Washington Supreme Court Holds Nonprofit Zoo Operator Not a Public Agency for Public Records Act Compliance

The City of Seattle owns, and for many years operated, the Woodland Park Zoo. Acting under statutory authorization, the City contracted with the Woodland Park Zoo Society, a privately formed not-for-profit corporation to manage and operate the Zoo. Following the lead of earlier decisions of the Washington Court of Appeals and those of other states’ courts, the Washington Supreme Court confirmed the application of a four-part balancing test to determine whether an entity is the "functional equivalent" of an agency and therefore subject to the state’s Sunshine Laws. Fortgang v. Woodland Park Zoo, No. 92846-1 (Jan. 12, 2017). The four factors (known in Washington as the "Telford test") are:

  1. whether the entity performs a government function;
  2. the extent to which the government funds the entity’s activities;
  3. the extent of government involvement in the entity’s activities; and
  4. whether the entity was created by the government.

The Zoo Society operates the Woodland Park Zoo under an operations and management contract with the City of Seattle. The case arose from the Zoo Society’s refusal to provide documents to a requester seeking information about the Zoo’s former elephant exhibit. The Zoo Society denied that it was an agency subject to the state’s Public Records Act (PRA), and the requester brought suit. Of the four Telford factors, the Court found only the second to be inconclusive. Under the Telford analysis, the Court held that the Zoo Society is not the functional equivalent of a government agency.

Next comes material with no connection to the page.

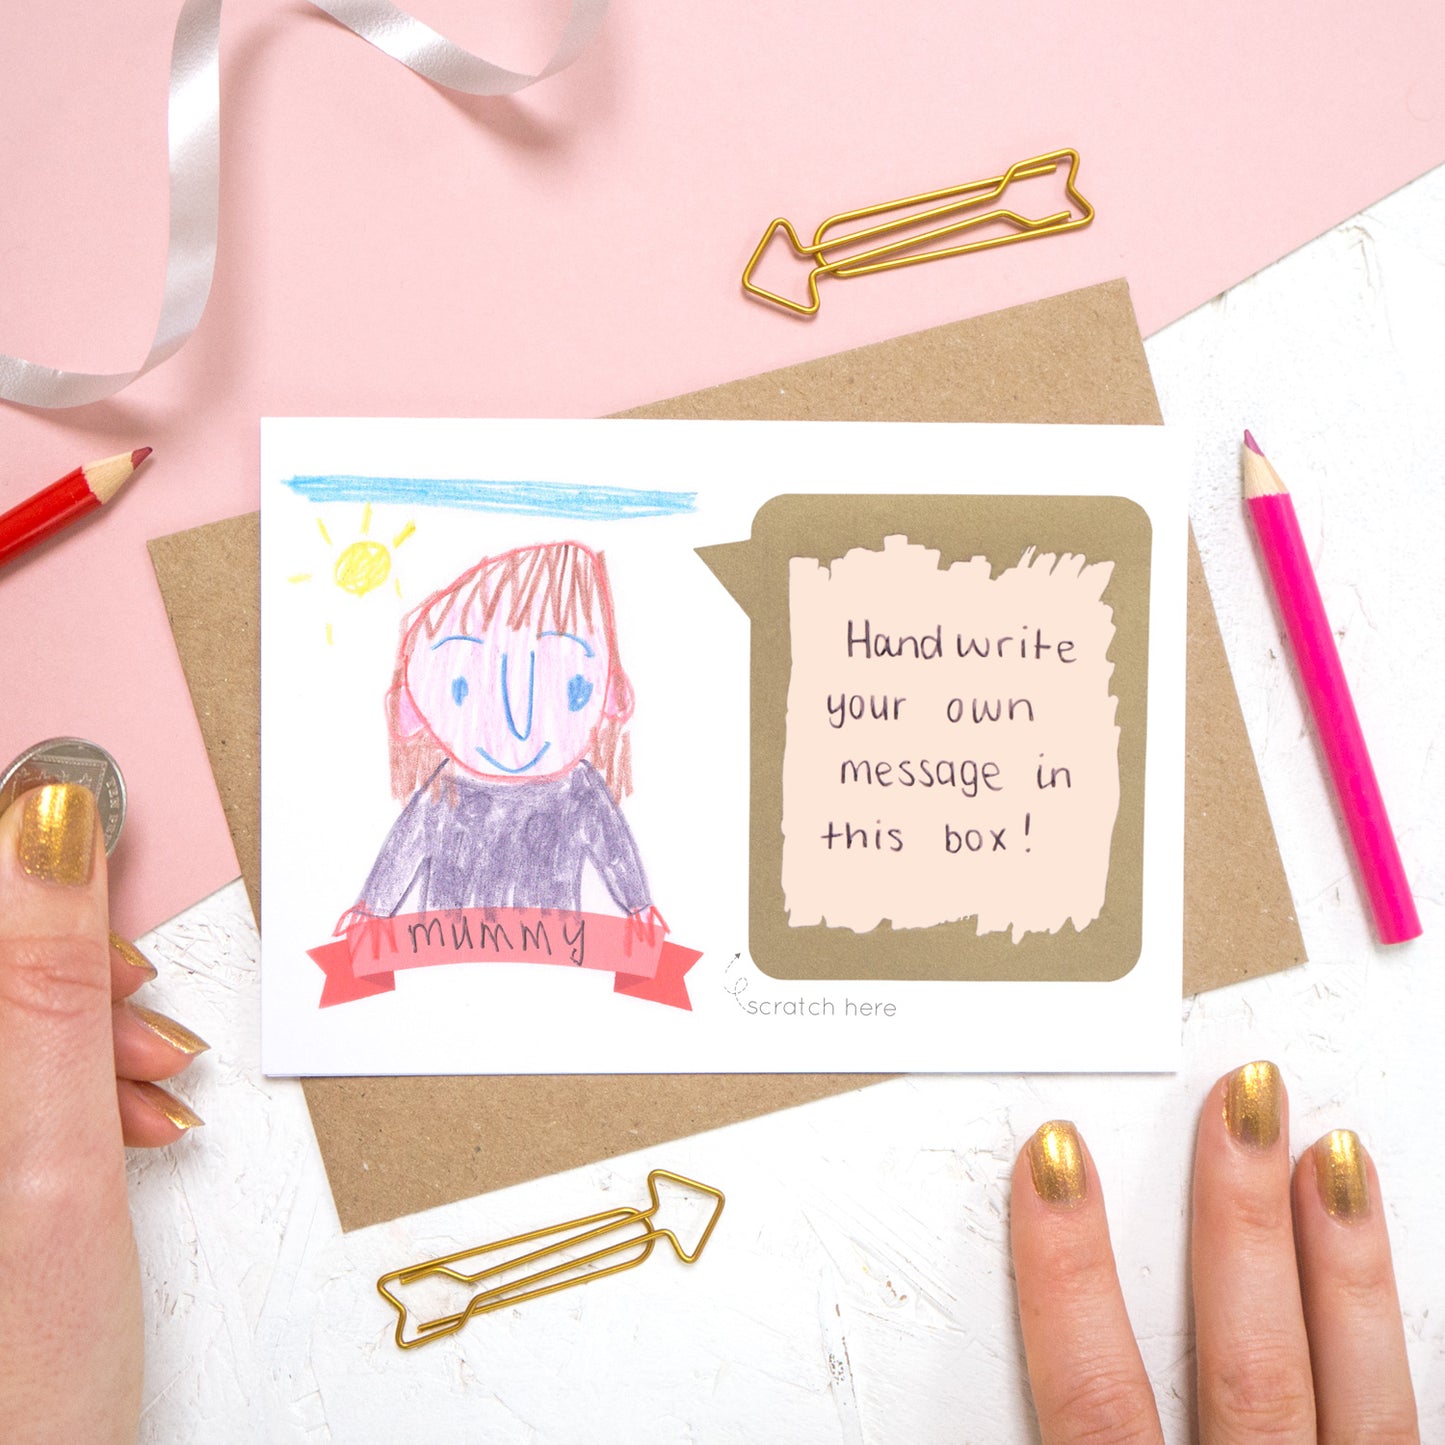 Draw your own scratch card with a hand written message of 'i love you mummy'. The card features a child like drawing of a person and the panel has been scratched off to reveal a hand written message.

Applying the first factor, the Court held that operation of a zoo is not an inherently governmental function. On the second factor, the Court observed that "the type of funding matters and, specifically, that an ordinary fee-for-services model typically weighs against functional equivalency....But Washington cases also suggest that the percentage of funds attributable to public sources is the foremost consideration." The City provides approximately 30 percent of the Zoo Society’s annual funding. The Court found the second factor to be inconclusive.

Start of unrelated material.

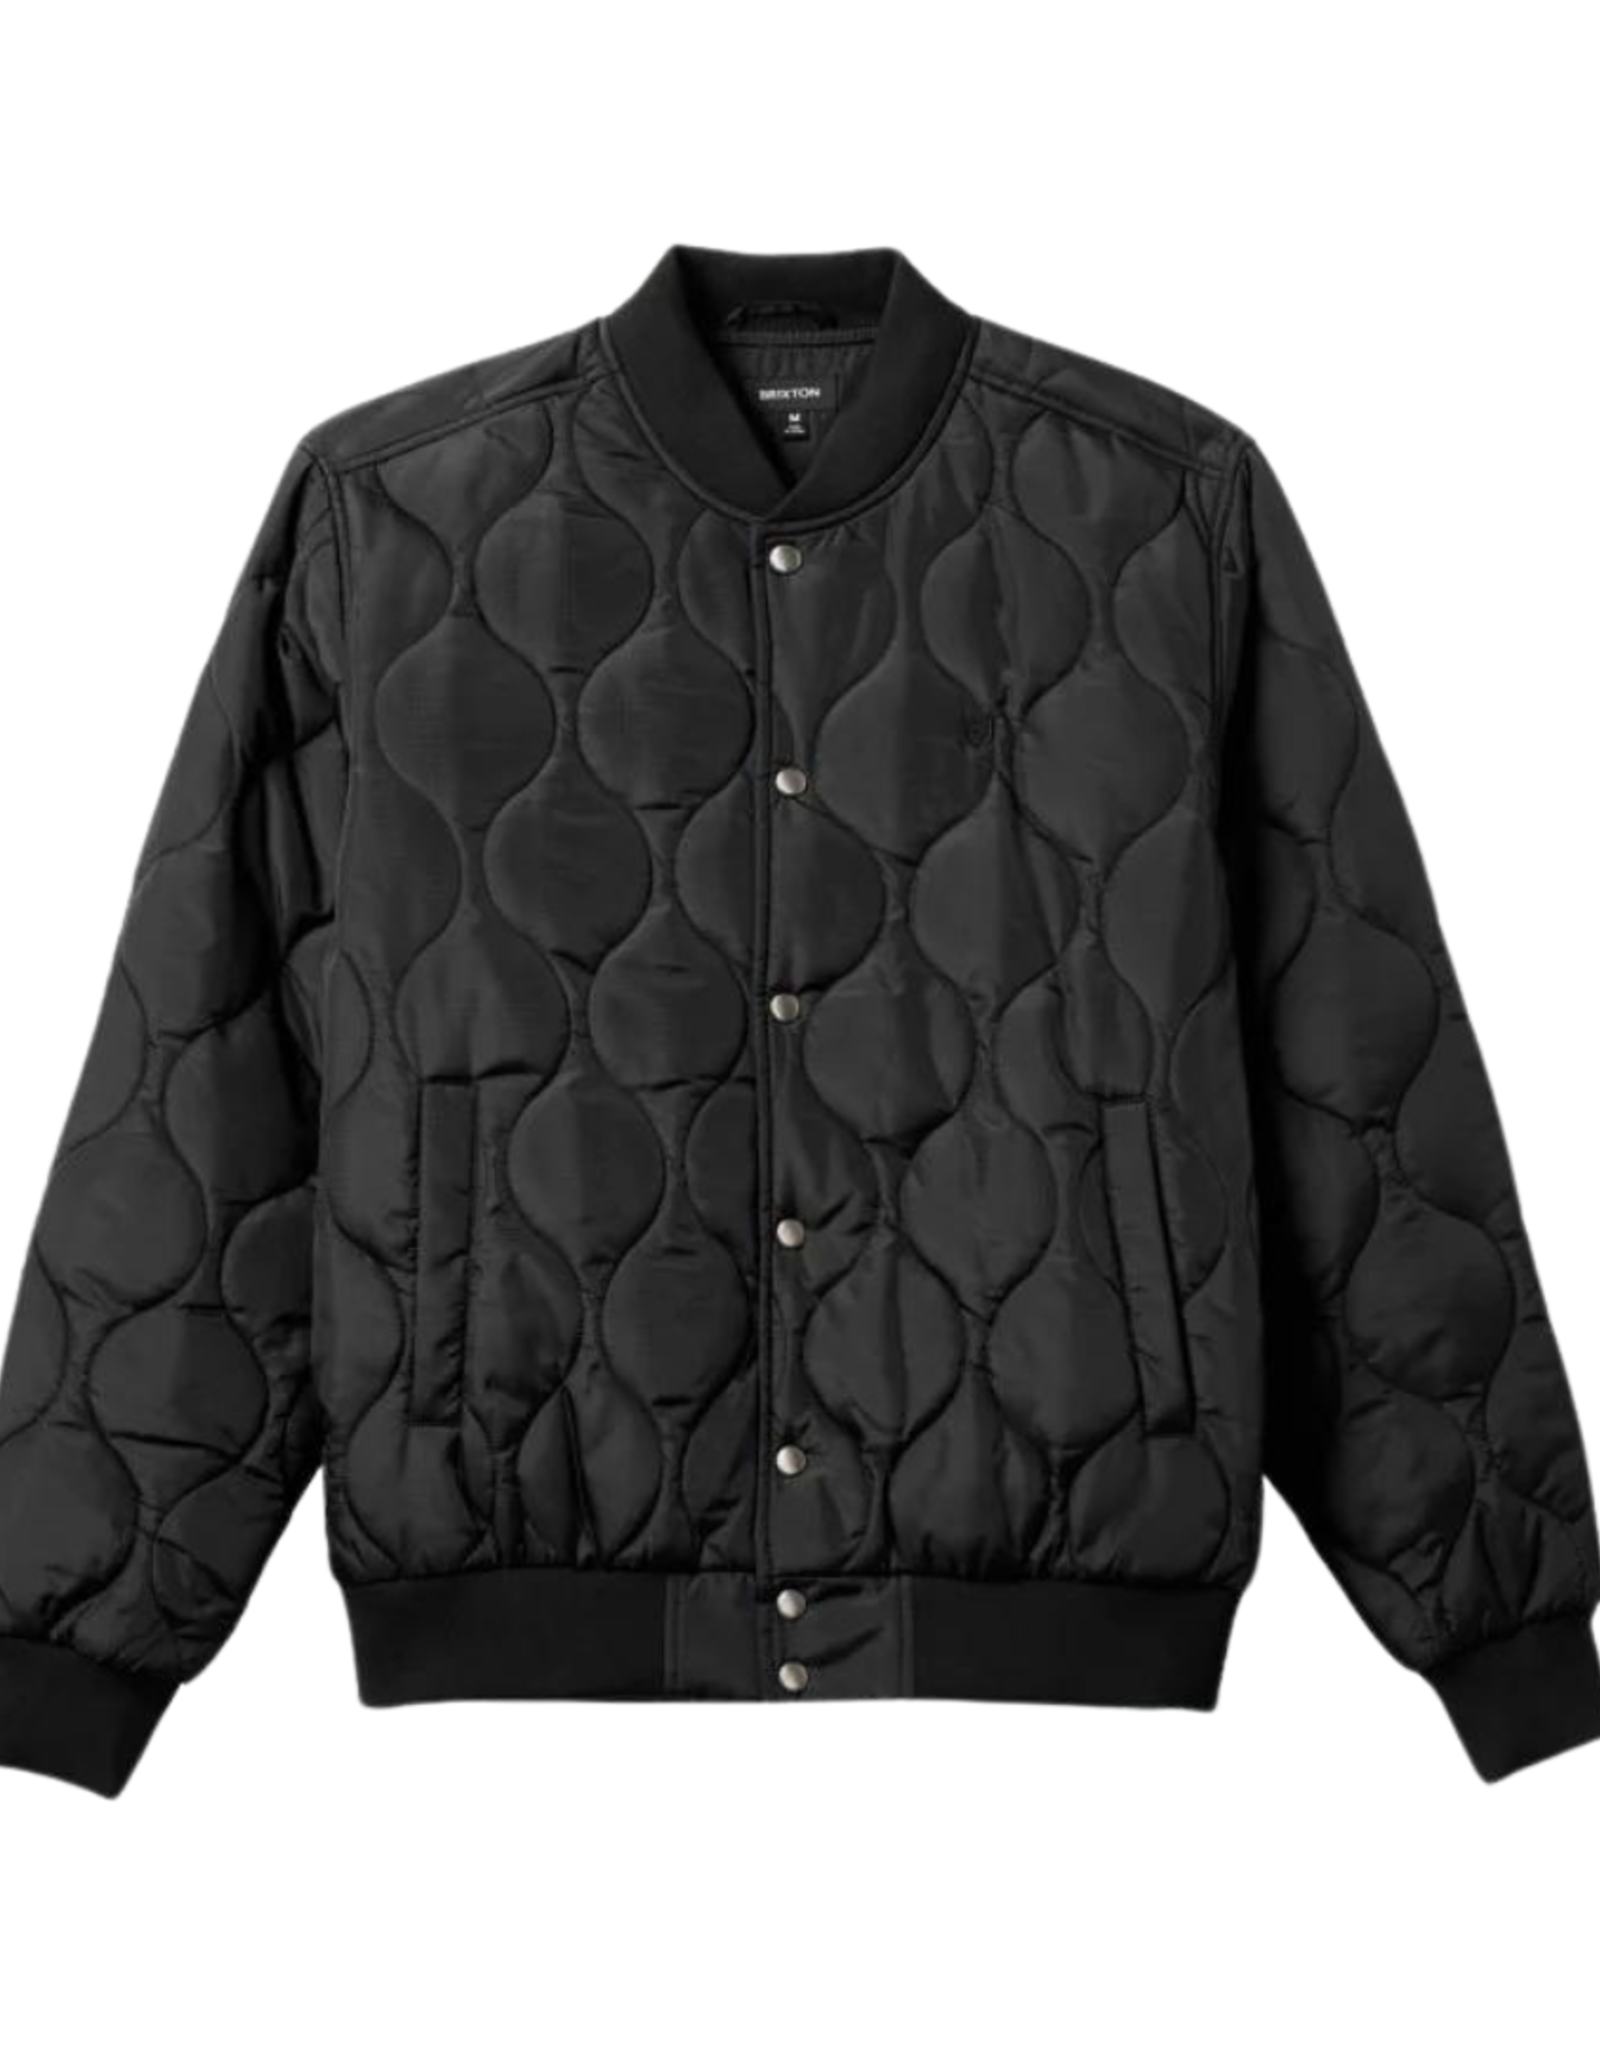 BRIXTON BRIXTON - DILLINGER QUILTED BOMBER JACKET

On the third factor, the Court applied a "day-to-day" operations analysis to find that the City did not exercise operational control over the Zoo Society. The Zoo Society’s board acted in total independence from the City. In prior cases, a local government’s retention of substantial control through public official seats on the respective boards resulted in findings of significant government involvement under the third Telford factor.

With respect to the fourth factor, the Zoo Society was incorporated solely by private individuals, so the Court would not attribute its "origin" to special legislation or other government action. The Court explained: "The Telford test is designed to prevent the government from operating in secrecy via a private surrogate. It is not designed to sweep within PRA coverage every private organization that contracts with government. This remains true even if the contracts in question are governed or authorized by statute." Therefore, neither the City nor any other public agency subject to the PRA "created" the Zoo Society under the fourth factor.

Applying all four factors "on balance," and with only one factor inconclusive, the Court held that the Zoo Society is not the functional equivalent of a government agency under the Telford test. Accordingly, it is not an "agency" subject to PRA requirements.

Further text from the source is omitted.